Мы молчим недолго. Потом Забелина говорит:
— Вот я рассказала, что могла, что знала. Детали? О деталях поговорите с Галиной. Это ее порыв, ее жар, ее победа, это все делали ее комсомольцы.
Сегодня комсомольским вожаком в цехе другой. Но тот жар души, что влила Галина в молодежное житье-бытье, стал как те каленые уголья костра, в который что ни упадет — все охватит огнем его жгучий, неугасающий жар.
— Вот и она тоже, — говорит Забелина, — начинала простой, малоприметной девчонкой, а недалек день — станет инженером-химиком.

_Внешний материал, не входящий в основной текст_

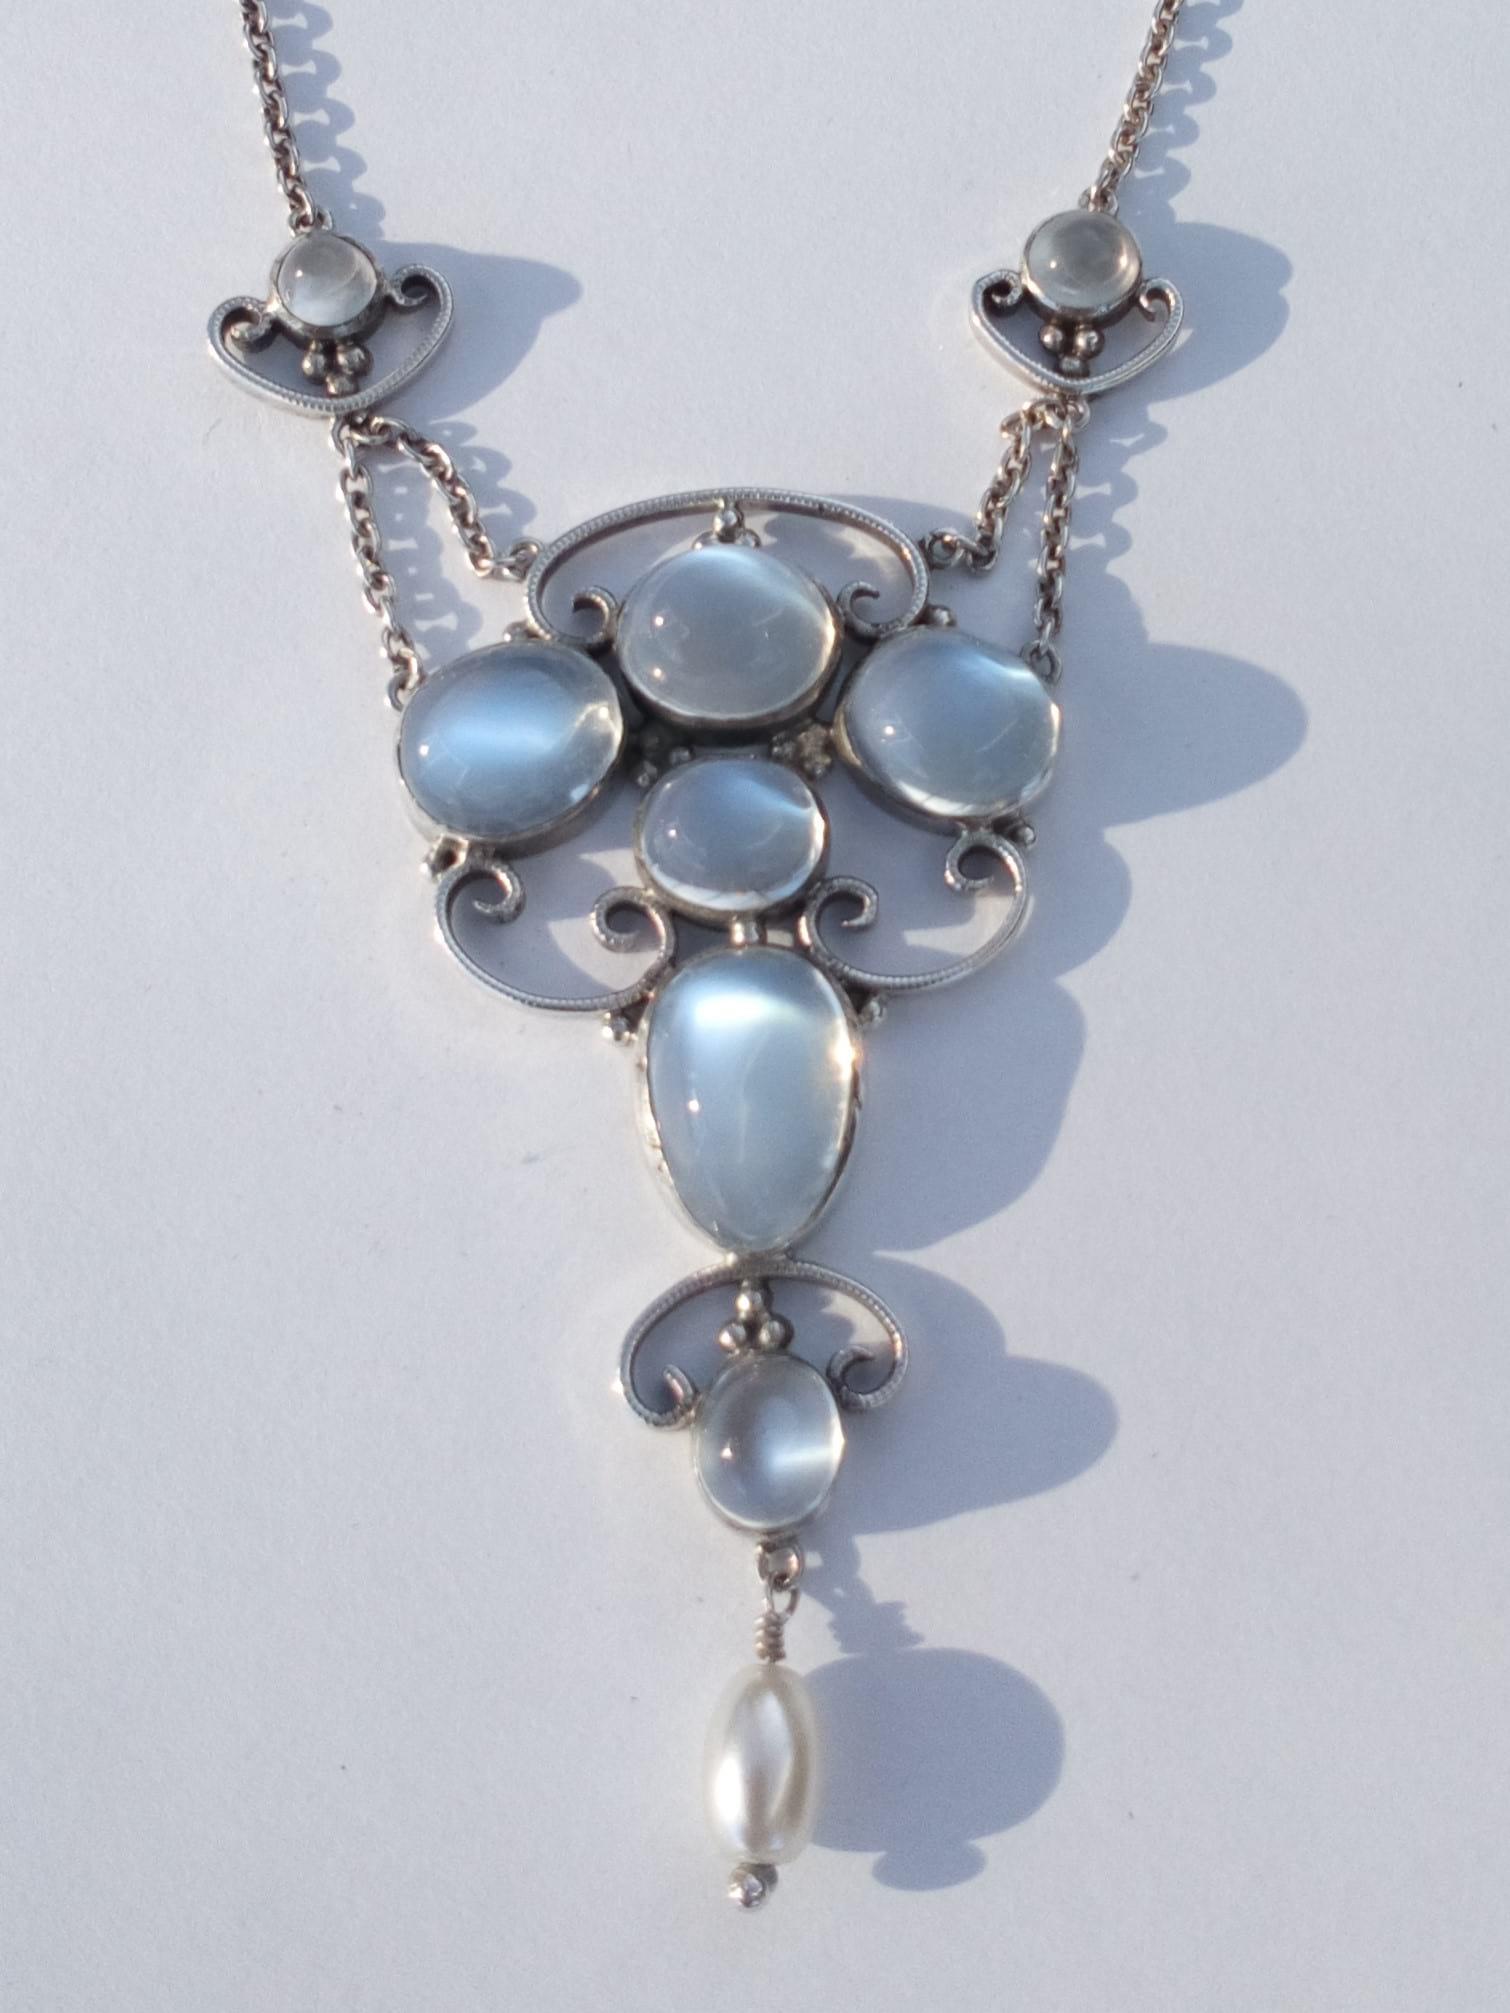 Antique Arts and Crafts Silver Moonstone Dropper Pendant Lavaliere Necklace circa 1910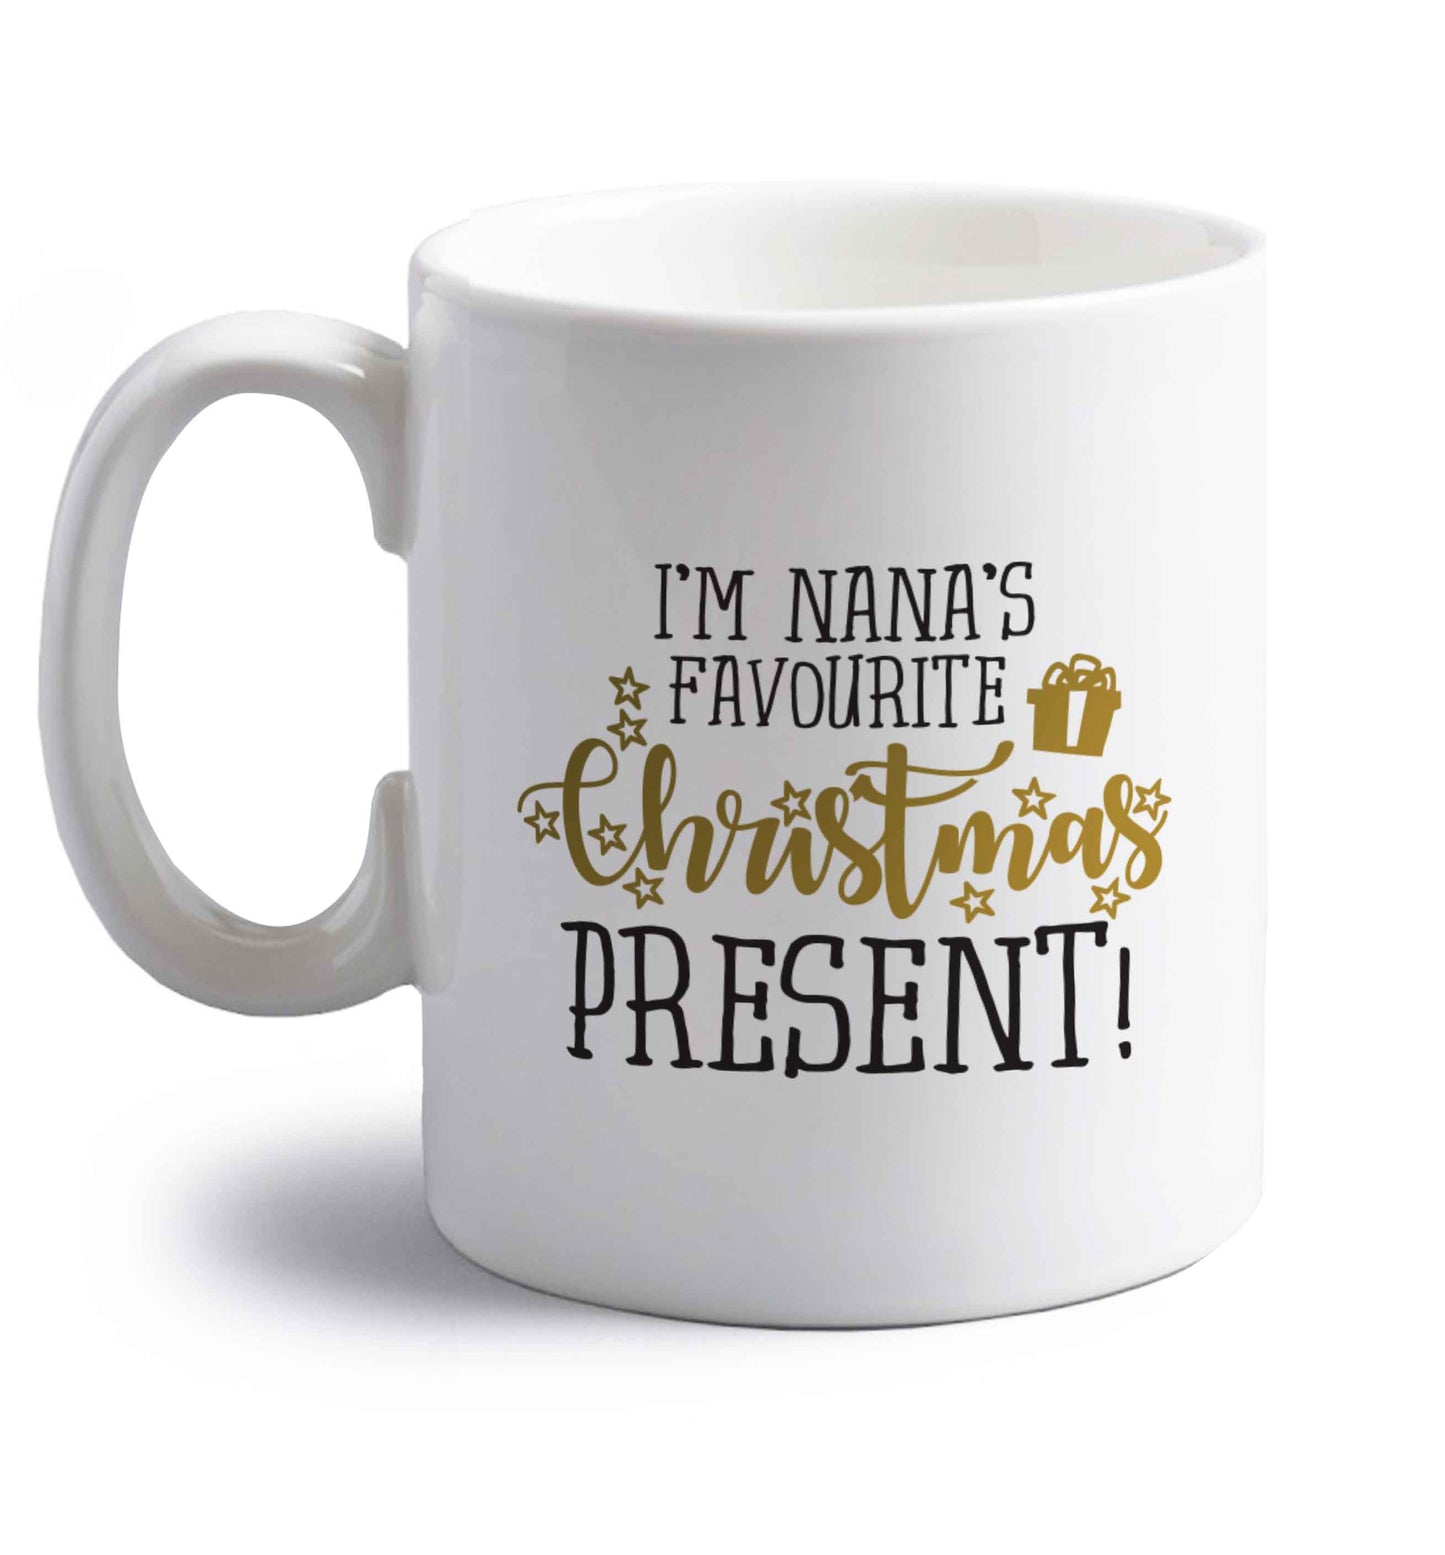 Nana's favourite Christmas present right handed white ceramic mug

Недавно тоже в партию приняли. — Валентина Александровна умолкает, будто вспоминая, все ли рассказала про Галину Ложкину, потом повторяет задумчиво и как бы уже только для себя:
— Простая девчонка…
И нотки материнской теплоты слышатся в словах.
А те двое, слесарь и аппаратчица, завербованные баптисткой в секту? Как и что они?
— Они?.. Они тоже с нами. Заживилась и у них душа.
Наш разговор прерывается. Навстречу идет по проходу цеха молодая статная женщина в комбинезоне, в косынке, похожей на лоскут алого пламени.
— Валентина Александровна! Пошла, пошла серия! — радостно еще издали говорит она и, поравнявшись с нами, облегченно вздыхает, повторив еще раз: — Наконец-то пошла!
Это старший аппаратчик отделения коммунистического труда (того самого, которым руководит инженер Кирьянова) Галина Петровна Вербицкая доложила начальнику цеха о пуске после ремонта, или, как здесь говорят, после перемонтажа, серии электролизных ванн.
По голосу, по глазам, по тому, наконец, что вовсе и не заметила рядом с начальником цеха кого-то незнакомого, можно понять — настоящая, глубинная радость рвется из человека. Чтоб не помешать ей, отступаю в сторонку. А Вербицкая торопится рассказать Забелиной про то, как не получалось вначале, как при включении ванн «где-то так закорачивало, что со щитка искры снопом летели», и как упрямые электрики разыскали в конце концов «заковыку»: качество ремонта оказалось тут ни при чем, просто подвел электрокабель.
Я понимаю, почему поиски причин так взволновали Вербицкую. Она, старший аппаратчик, сама руководила на этот раз бригадой ремонтных слесарей, готовивших серию к пуску, и ей нужно было убедиться, что не руки человеческие виноваты в той досадной заминке, из-за которой едва не рухнуло обещанное — пустить досрочно.
А теперь… Теперь уже все хорошо. И в отделении, и… на душе.
— Это наш «мастер — золотые руки», — пояснила мне Забелина, когда, наспех и несколько виновато за запоздалое знакомство протянув мне руку, извинилась и ушла Вербицкая. — Золотые руки… Завод немалый, а звание такое пока у немногих.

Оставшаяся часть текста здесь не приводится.